Over the past decade, several FELTs with time scales and brightnesses have been discovered that are not easily explainable with conventional supernova models. And only a few FELTs have been seen in heavenly surveys because they are so short. Unlike Kepler, which collects data about a celestial area every 30 minutes, most other telescopes look every few days. Therefore, they often slip undetected or with only one or two measurements, which makes it difficult to understand the physics of these explosions.
In the absence of further data, there were a number of theories to explain FELTs: the afterglow of a gamma-ray burst, a supernova amplified by a magnetar (neutron star with a strong magnetic field), or a failed supernova of the Ia type.
Then came Kepler with his precise, continuous measurements that allowed astronomers to record more details of the FELT event. "We have an impressive light curve," said Armin Rest of the Space Telescope Science Institute, Baltimore, Maryland. "We were able to limit the mechanism and properties of the explosion, we could exclude alternative theories and come to explain the dense shell model, which is a new way for massive stars to die and distribute matter into space."
"With Kepler we are now really able to connect the models with the data, "he continued." Kepler just makes the difference here. When I saw the Kepler data for the first time and realized how short that transient is, my jaw dropped. I said, "Oh wow!"
"The fact that Kepler has fully grasped the rapid development really limits the exotic ways in which stars die, and the wealth of data allowed us to unravel the physical properties of the phantom beam, for example, how much of the material Star at the end of his life, and the hypersonic velocity of the blast, this is the first time that we can test FELT models with a high degree of accuracy and combine theory with observations, "said David Khatami of the University of California at Berkeley.
This discovery is an unexpected consequence of Kepler's unique ability. This ability is needed for Kepler to discover extrasolar planets that pass shortly before their host stars and temporarily dim the starlight by a small percentage.

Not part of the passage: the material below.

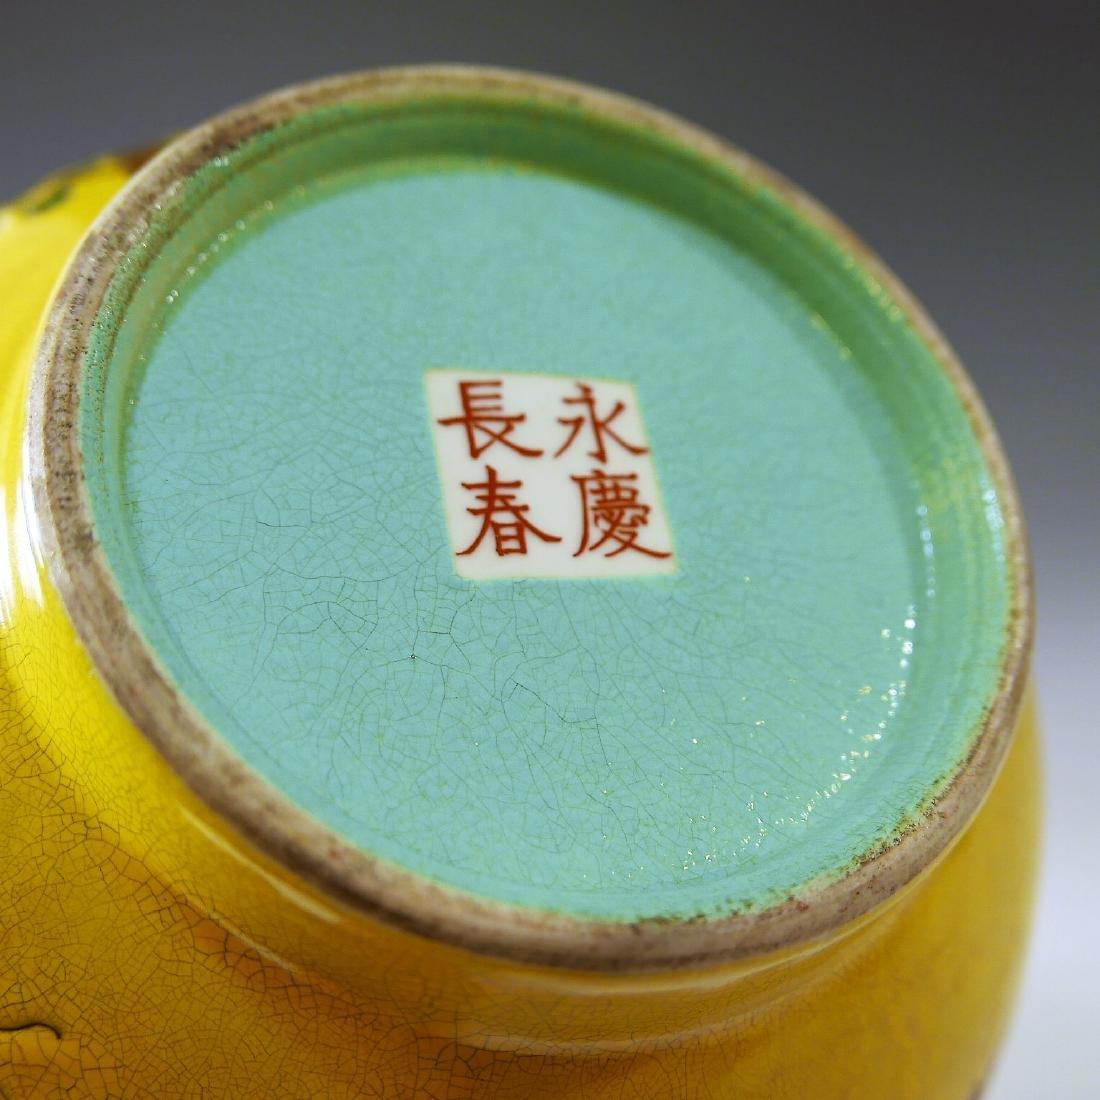 CHINESE ANTIQUE FAMILLE ROSE PORCELAIN VASE - DAYAZHAI - 8

The Kepler observations indicate that the star ejected the shell Less than a year before it became a supernova, there is a glimpse of poorly understood fatalities of stars – the FELTs apparently come from stars that are about to die Dying to Make "Near-Death Experiences" Before They Explode
The science team's study appears on March 26, 2018 in the online edition of Nature Astronomy .
Rest says the next steps will be to find more of these items in the ongoing K2 mission or in the next mission of this type, TESS. This will allow astronomers to launch a follow-up campaign spanning different wavelengths, limiting the nature and physics of this new kind of explosion.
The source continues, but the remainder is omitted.